WHAT THE TASK ASKS -> For this listing, reproduce the line with "Engler-Bunte-Institut des Karlsruher", the line with "Firmament - Aloe", and the lines between, exactly as they stand. Leave out pictures and all other lines.

INFORMATION ->

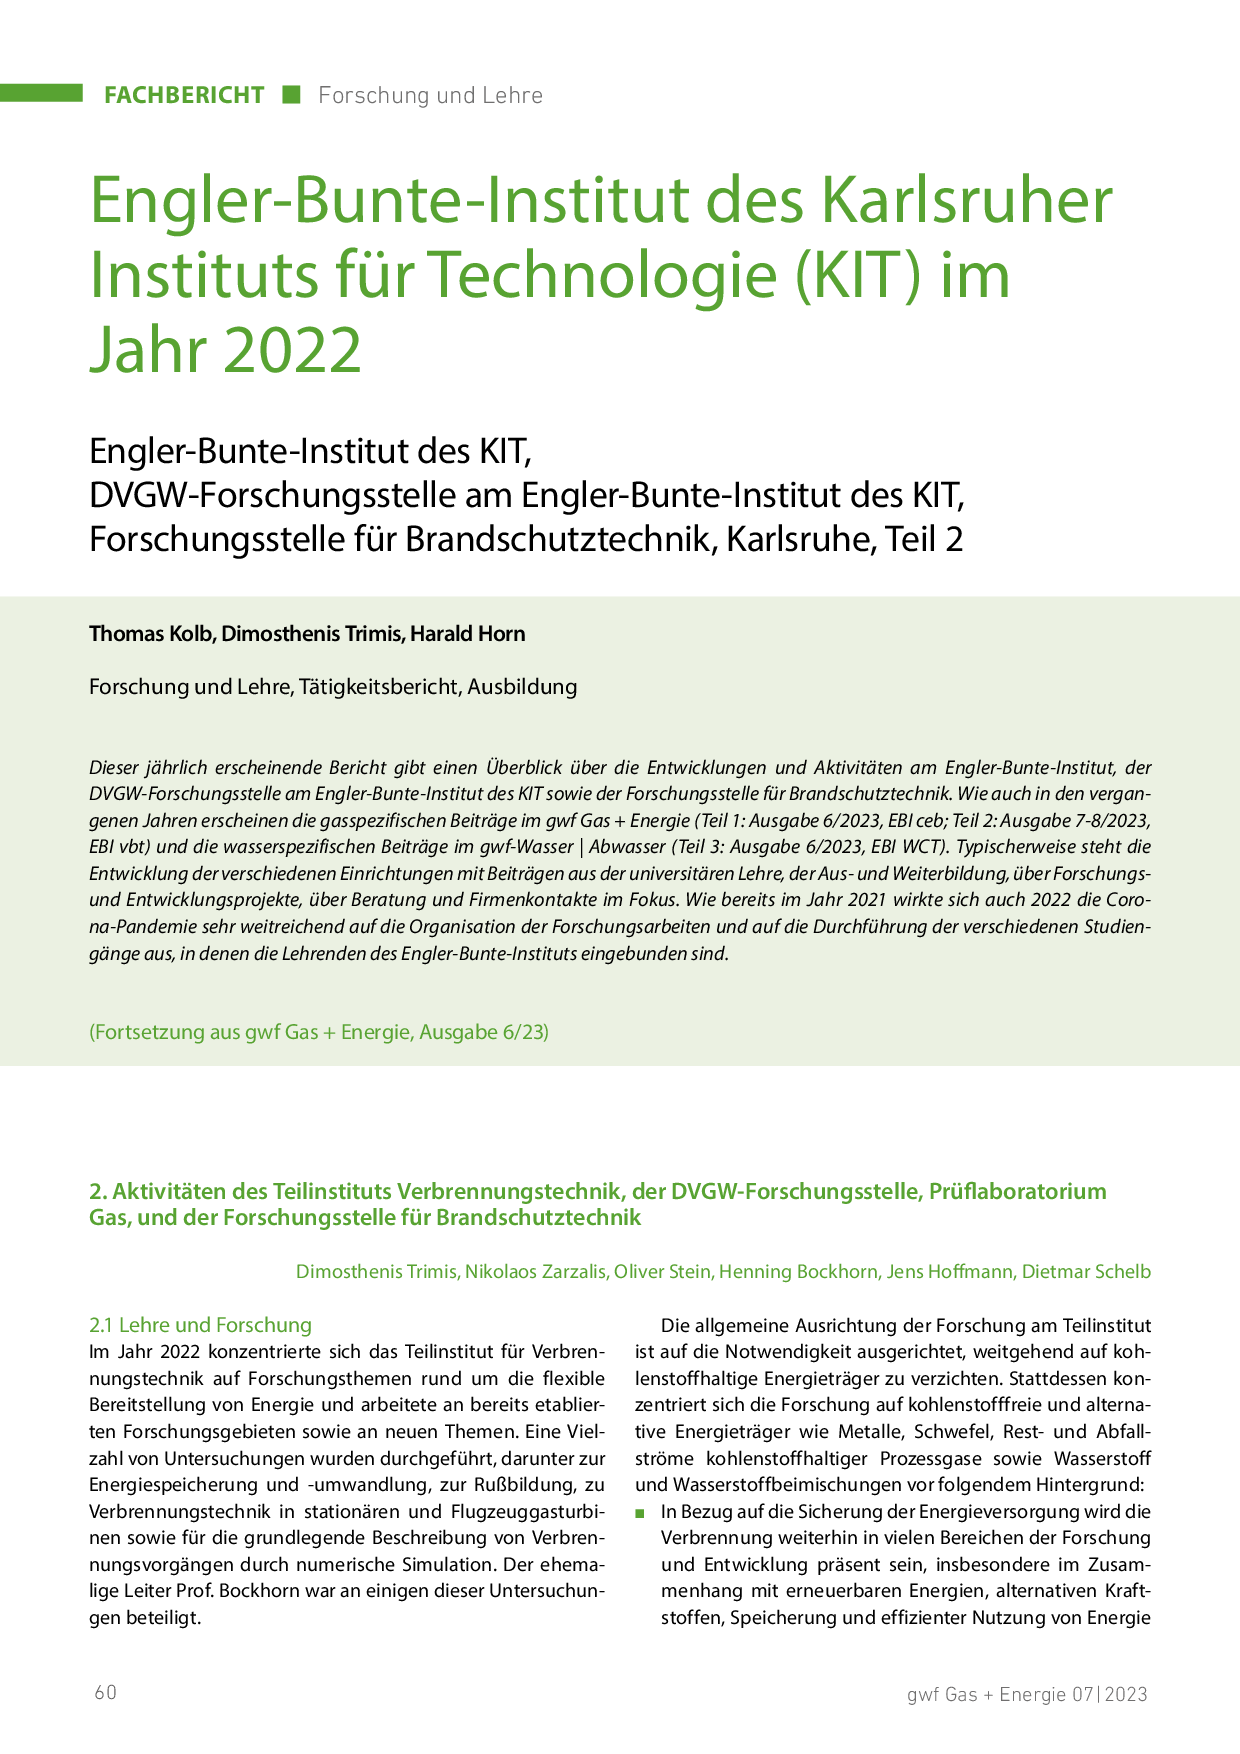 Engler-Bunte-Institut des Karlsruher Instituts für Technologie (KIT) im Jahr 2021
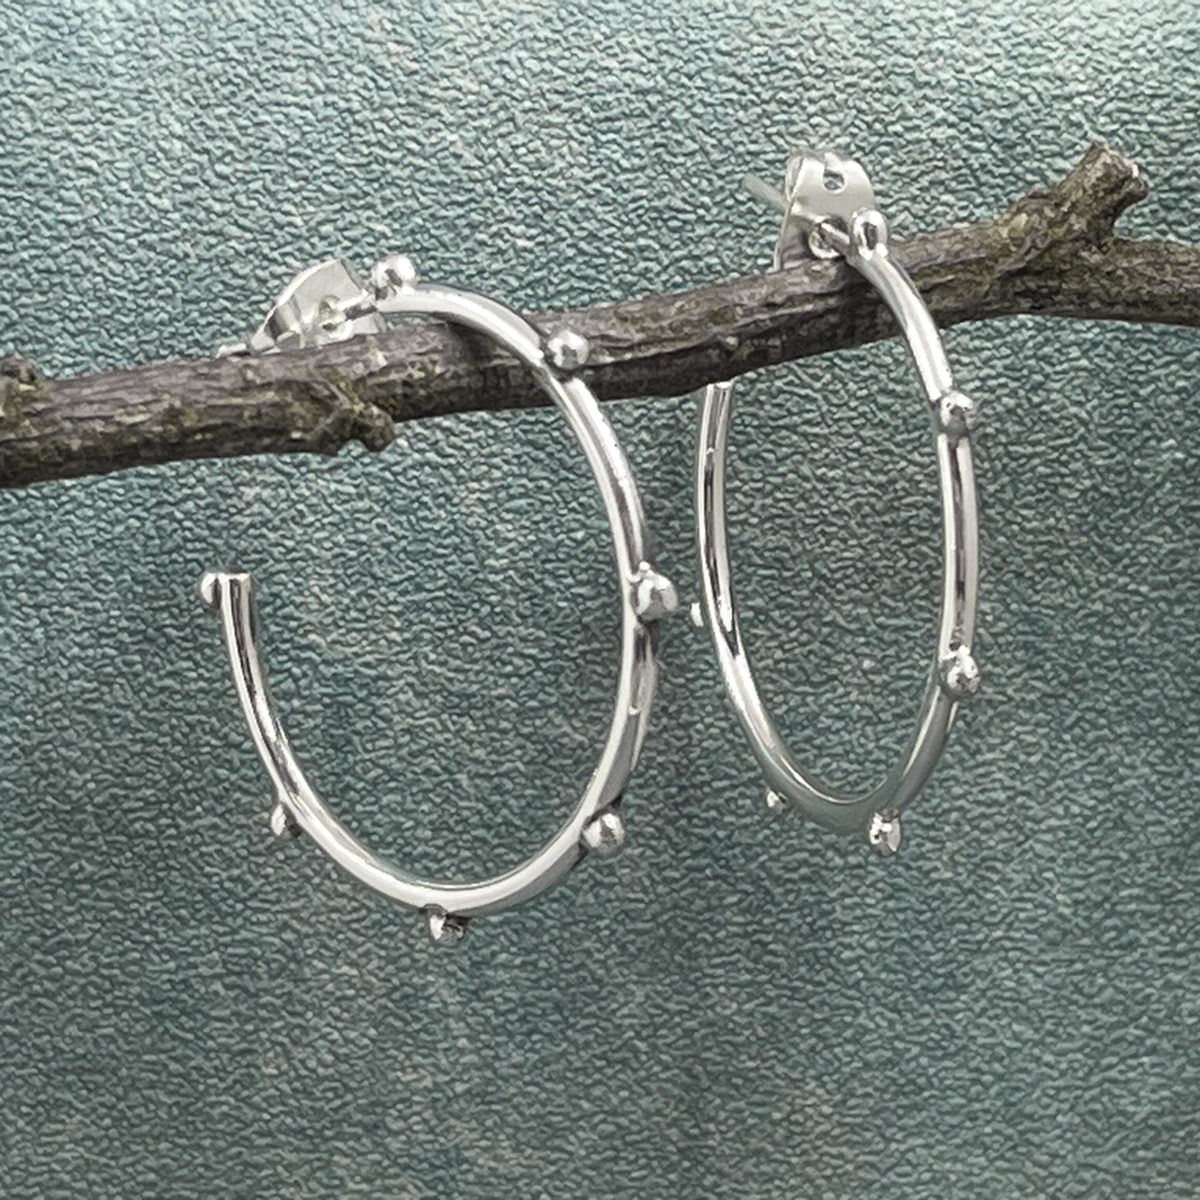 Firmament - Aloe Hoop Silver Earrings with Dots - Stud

==

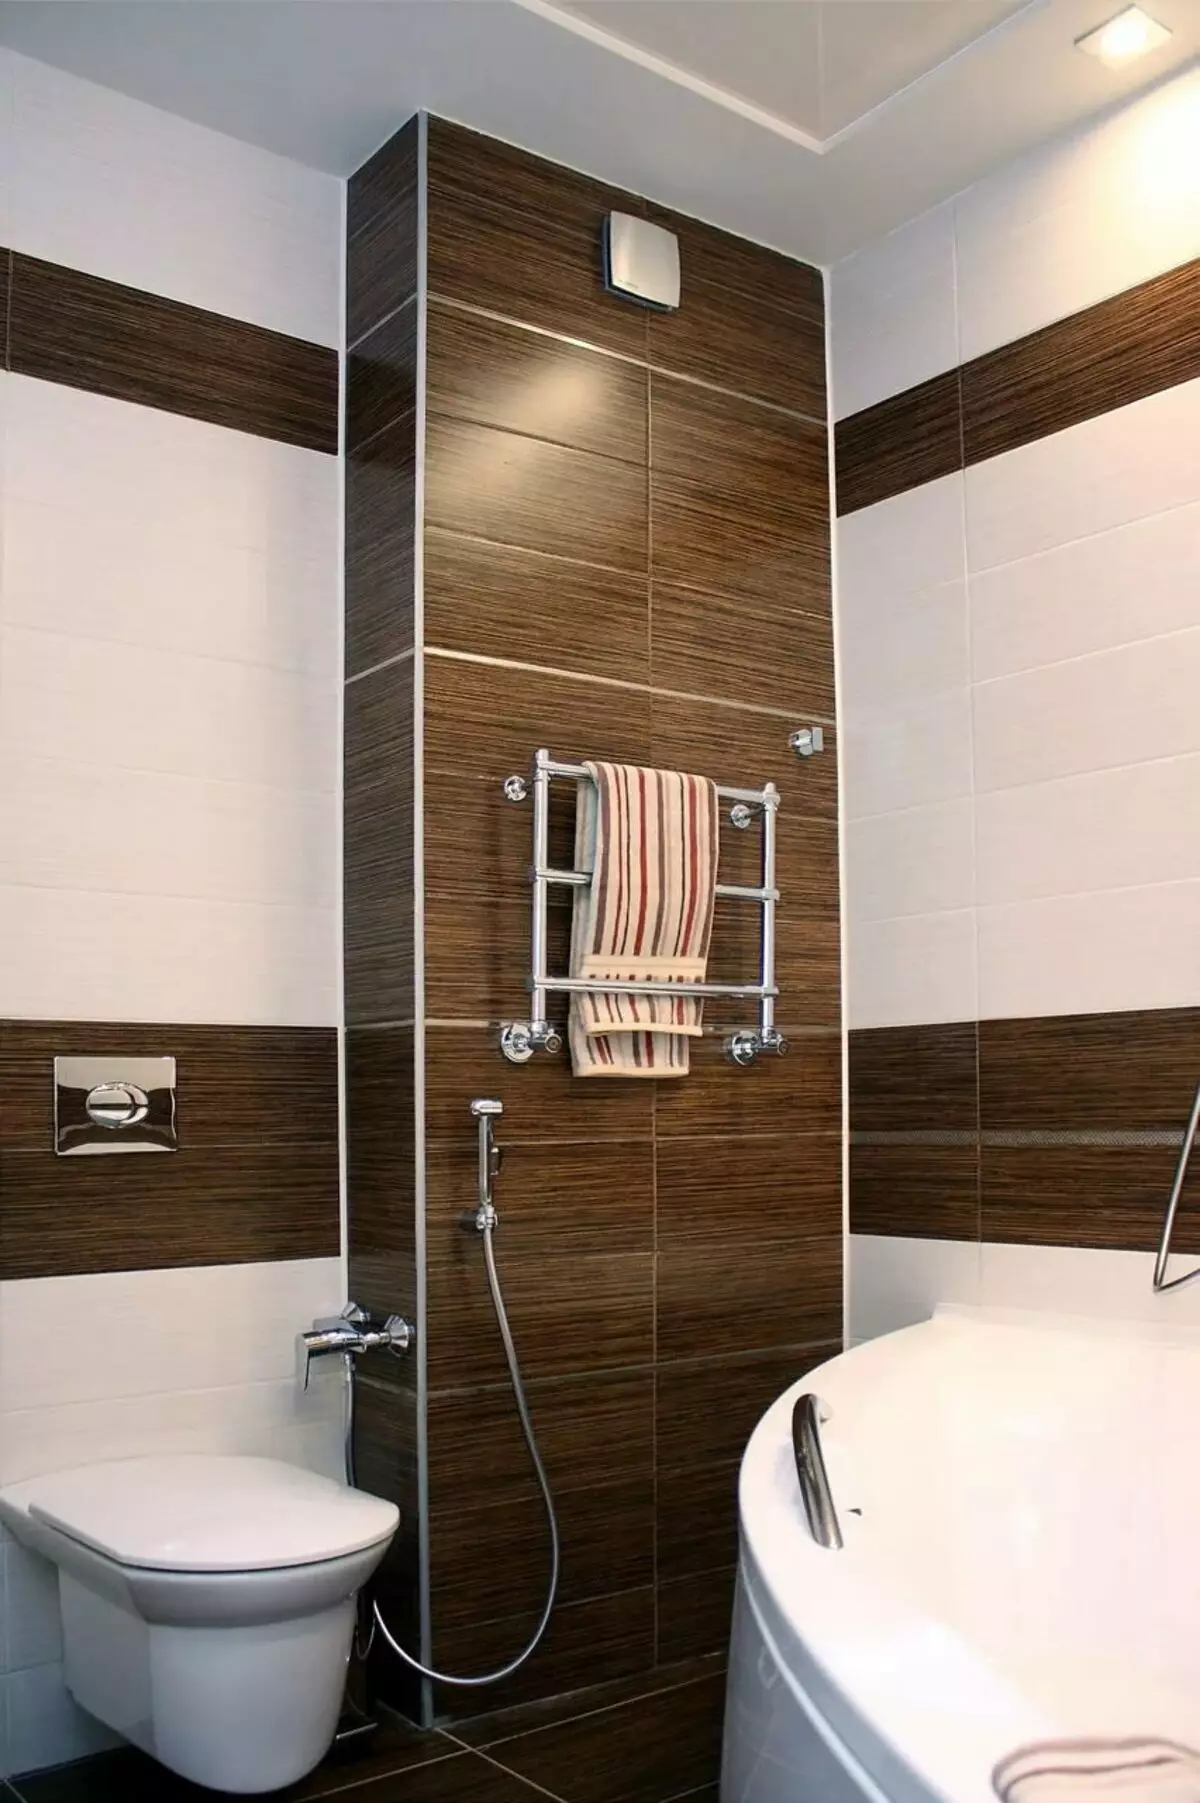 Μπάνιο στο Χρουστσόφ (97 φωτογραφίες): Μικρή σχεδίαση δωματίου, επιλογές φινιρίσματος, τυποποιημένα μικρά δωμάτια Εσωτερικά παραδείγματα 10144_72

---

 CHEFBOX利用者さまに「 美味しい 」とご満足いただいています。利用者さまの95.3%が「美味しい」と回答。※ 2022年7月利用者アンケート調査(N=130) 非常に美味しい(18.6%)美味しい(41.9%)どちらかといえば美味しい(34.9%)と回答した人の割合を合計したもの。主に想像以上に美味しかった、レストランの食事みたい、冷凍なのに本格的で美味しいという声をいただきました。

ANSWER AREA ->
 Engler-Bunte-Institut des Karlsruher Instituts für Technologie (KIT) im Jahr 2021
 Firmament - Aloe Hoop Silver Earrings with Dots - Stud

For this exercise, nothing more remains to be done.